5.2 Worker (data plane)

Workers are responsible for:

  1. Claim command (idempotent claim)
  2. Render templates with provided context/vars
  3. Execute tool (http/python/postgres/duckdb/workbook/etc.)
  4. Apply unified retry for tool-level retries, pagination, and polling
  5. Execute sink/side effects when instructed (often per iteration)
  6. Report step/tool/sink outcomes back to server as events

Key rule: the worker executes; the server decides the graph.


6) Loop semantics

6.1 DSL

Loop is declared at step level:

- step: process_items
tool: { kind: python, ... }
loop:
in: "{{ workload.items }}"
iterator: current_item
mode: sequential # or parallel

(noetl.dev)

6.2 Execution semantics

  • Server evaluates loop.in into a collection.
  • Server creates a loop-instance state object (stored in NATS KV snapshots). (noetl.dev)
  • For each element, server issues a command with:
    • iterator variable bound (e.g., current_item)
    • loop index/counters
    • step/tool config

Sequential mode

  • Issue next item only after current iteration completes

Parallel mode

  • Issue N commands concurrently
  • Fan-in occurs when all iterations report completion

6.3 Loop + sink

A canonical pattern is to sink per iteration using a case rule triggered on step completion:

case:
- when: "{{ event.name == 'step.exit' and response is defined }}"
then:
sink:
tool:
kind: postgres
auth: "{{ workload.pg_auth }}"
table: processed_records

(noetl.dev)

6.4 Nested loops

NoETL encourages nested iteration by composing steps (outer loop step writes vars, inner loop step loops over vars): (noetl.dev)

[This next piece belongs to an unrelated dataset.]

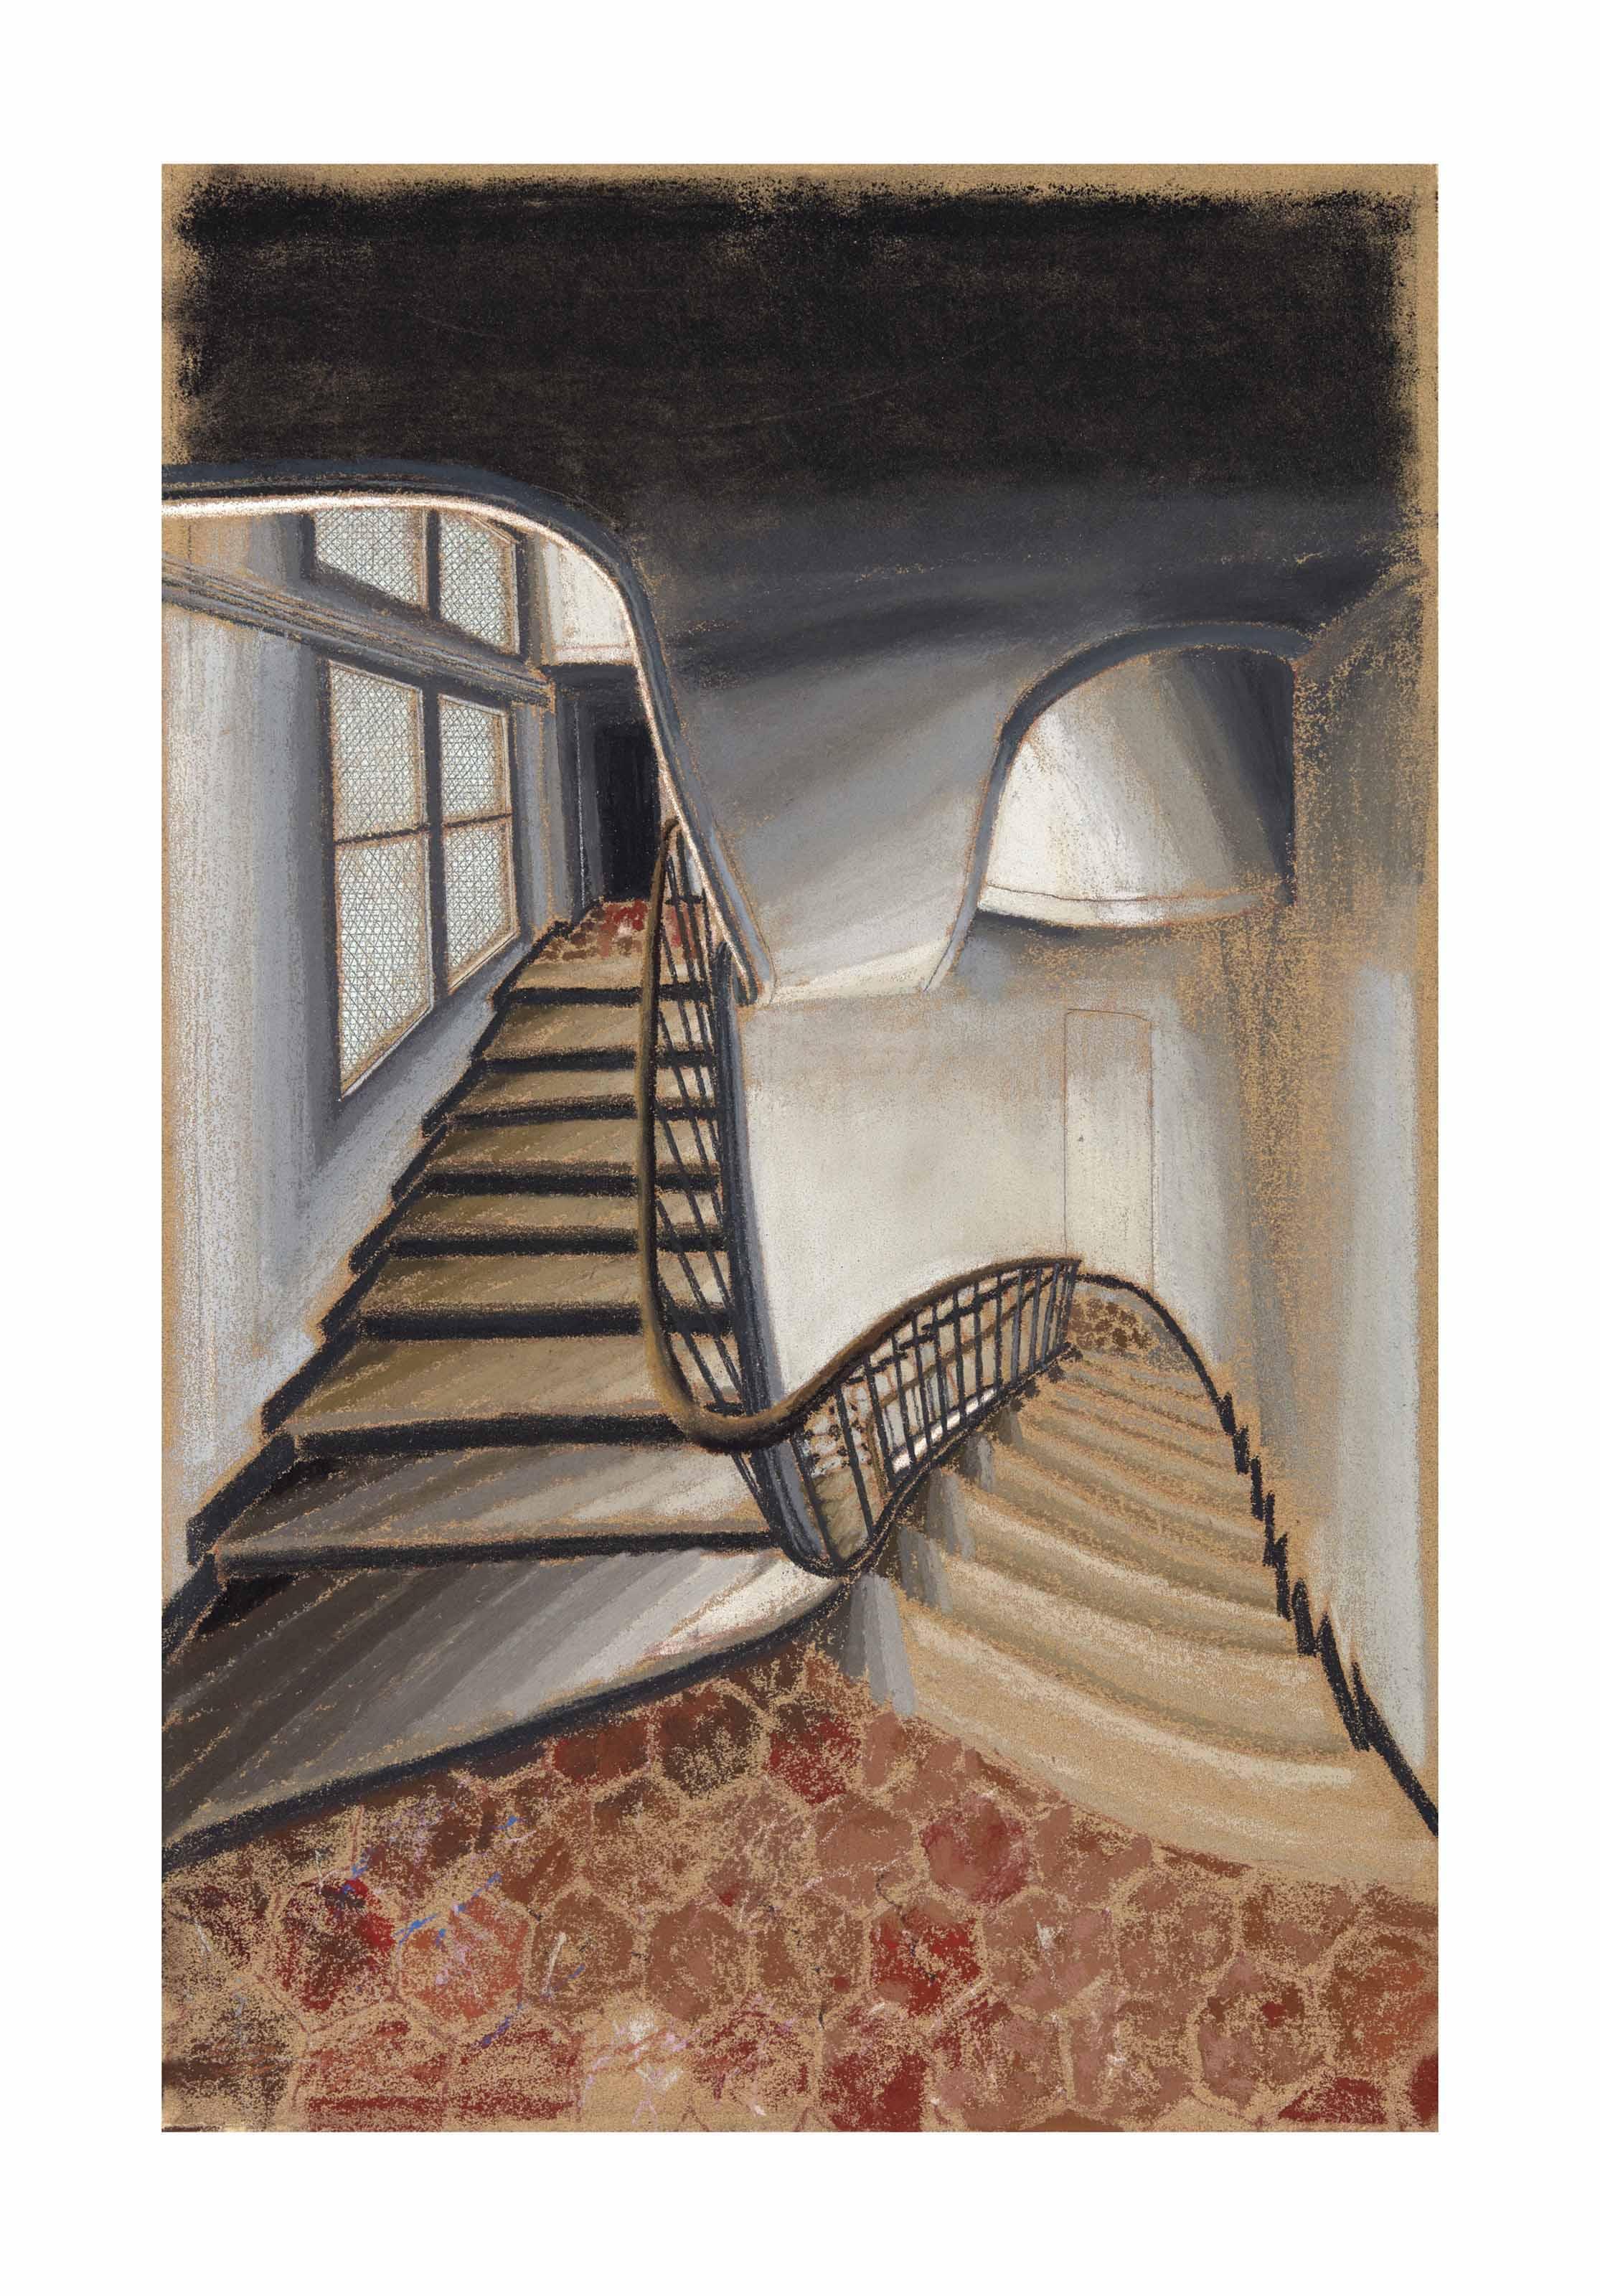 Escalier et intérieur

7) Unified retry semantics

The unified retry system expresses error retry + success retry (pagination/polling) declaratively and works across tools. It also supports per-iteration sinks and collection strategies. (noetl.dev)

7.1 Pagination / polling pattern

  • when: decides whether to continue
  • next_call: mutates request inputs (params/url/args)
  • collect: defines merge strategy (append/replace) and optional target var
  • Optional: per_iteration.sink for writing each page/iteration immediately (noetl.dev)

7.2 Loop integration

Retry composes with loop for “loop over endpoints, paginate each endpoint.” (noetl.dev)

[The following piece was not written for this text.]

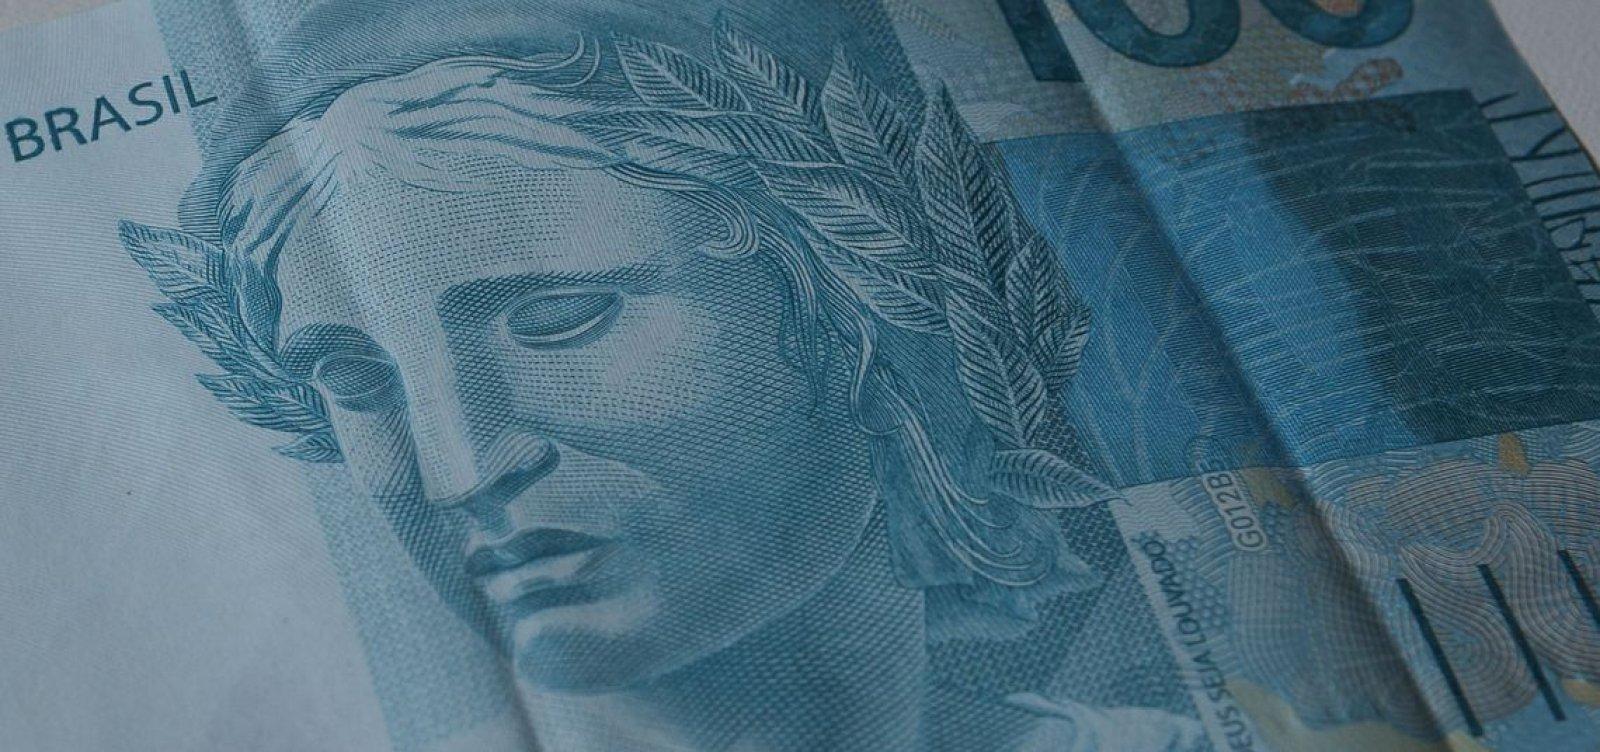 [Inflação do país desacelera e fica em 0,13% em maio]

8) Variables (vars:) semantics

8.1 DSL behavior

The vars block extracts values from the current step result after execution and persists them:

  • Accessible later via {{ vars.name }}
  • Stored in a transient table with metadata
  • Readable via REST API endpoints (GET /api/vars/{execution_id} etc.) (noetl.dev)

8.2 Template namespaces (practical)

  • workload.* — merged execution inputs
  • vars.* — persisted derived values
  • result — current step result in the vars: block (noetl.dev)

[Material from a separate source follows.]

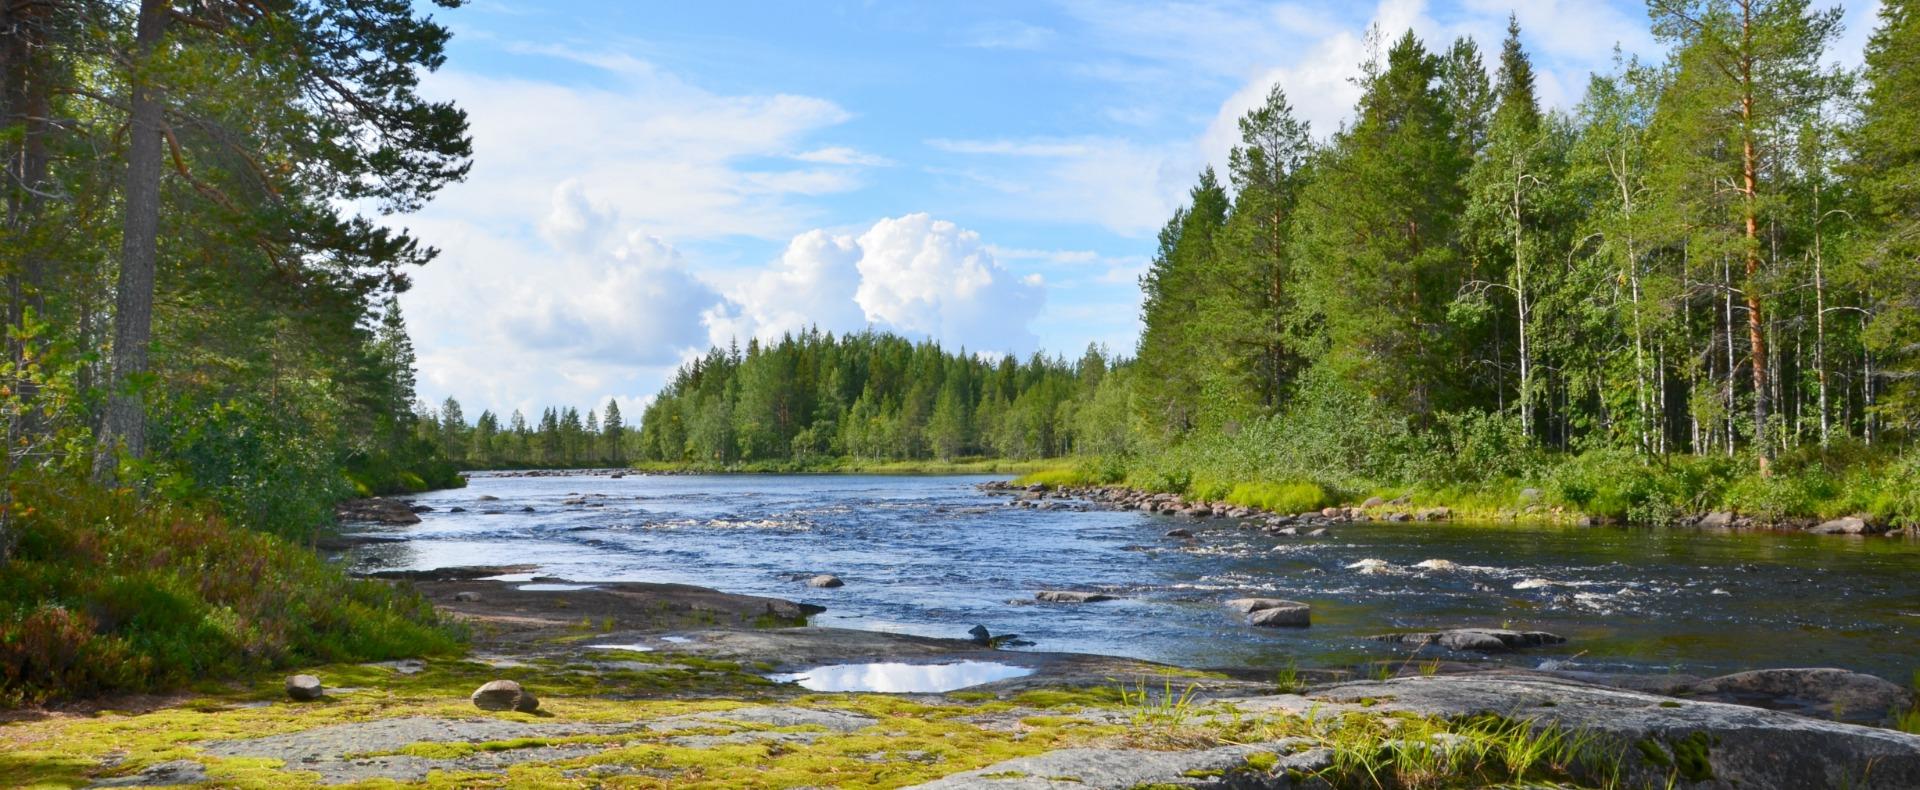 Karelia region

9) case, next, and sink semantics

9.1 next: as default routing

next is the baseline edge list—where execution goes when no higher-priority rule intercepts. (noetl.dev)

9.2 case: as event-driven routing + side effects

case enables conditional logic tied to execution events (e.g., step exit, tool error). A case rule contains:

  • when: a Jinja2 condition evaluated against runtime state (noetl.dev)
  • then: actions:
    • next: route to step(s)
    • sink: persist data
    • set: set ephemeral values

9.3 sink: as a shortcut

In practice, sink is often “case-on-step-exit” with a well-known pattern (see Loop + sink example). (noetl.dev)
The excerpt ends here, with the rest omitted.